Thanks! I was definitely worried that there were potential problems that I didn't know about. I guess it's time to go find some wood and start building


----------



## redneckswife (May 2, 2013)

Last year on Craigslist...I saw these awesome looking custom built hutches...then I saw for the first time ever....nestboxes that were on the outside and were 5 gallon bucks. They were done in the way you describe. I must say I'd never saw or heard of this.

I had the same thoughts & concerns Arnie stated very well....totally agree with him


----------



## KSALguy (Feb 14, 2006)

I have used five gallon buckets for chicken and pigeon nest boxes, for THAT use they work great, but for rabbits the condensation and lack of any real insulation or ventilation would be a big problem, I think it should be relatively easy to attach a wooden box to the outside of the hutch and just make a small opening for the rabbit to access the box and a lid for you to look inside


----------



## pips (Mar 9, 2014)

beware chinese plastic!!!i did alot of painting and we used to clean buckets for this and that ect.come to find out they have a sealer in the plastic and it was poison.a dead **** proved it after it chewed through it.make sure u get buckets from a restraunt most pizza shops will give you them as most toppings come in it.great to get and do all kinds of things.

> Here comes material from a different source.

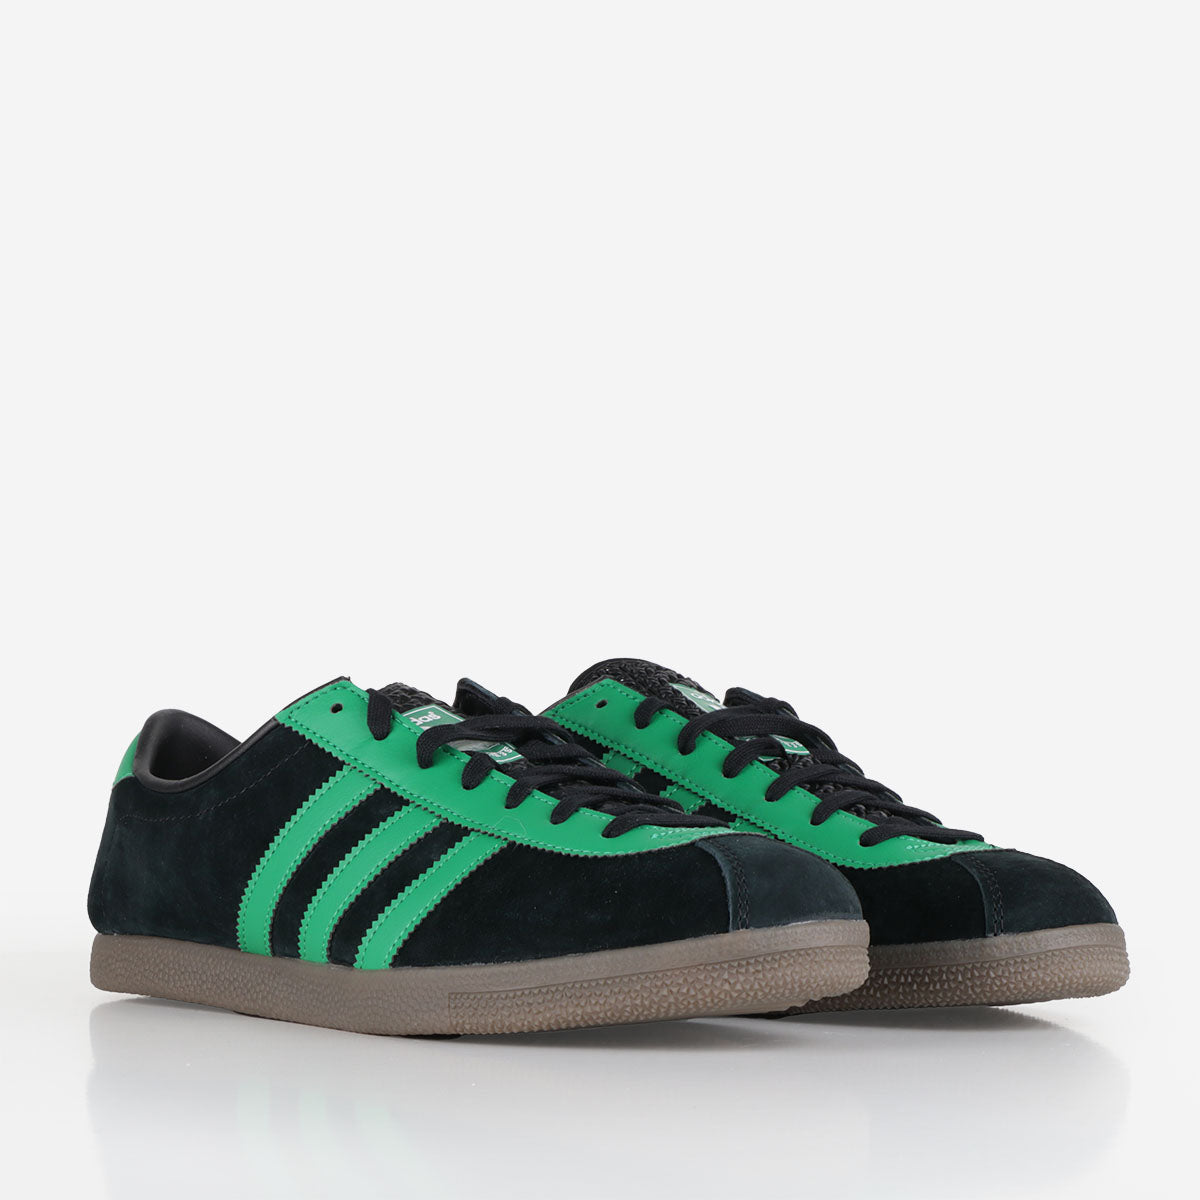 Adidas Originals London Shoes - Core Black/Green/Gum 5 – Urban

built mine out of plywood scraps from construction jobsite just look for real plywood.i had a metal one but does refused to use it in winter.


----------



## countryfied2011 (Jul 5, 2011)

The first thought that came to my mind was the sweating of the buckets and the heat build up. 

If you use food grade buckets for things around the house....most times big chain grocery stores in the bakery section will give you their buckets from icing. Those are food grade. I use them to store food in for long term storage.


----------



## BigM (Mar 22, 2008)

My rabbits would make quick work of chewing them up. I wouldn't suggest plastic ones.


----------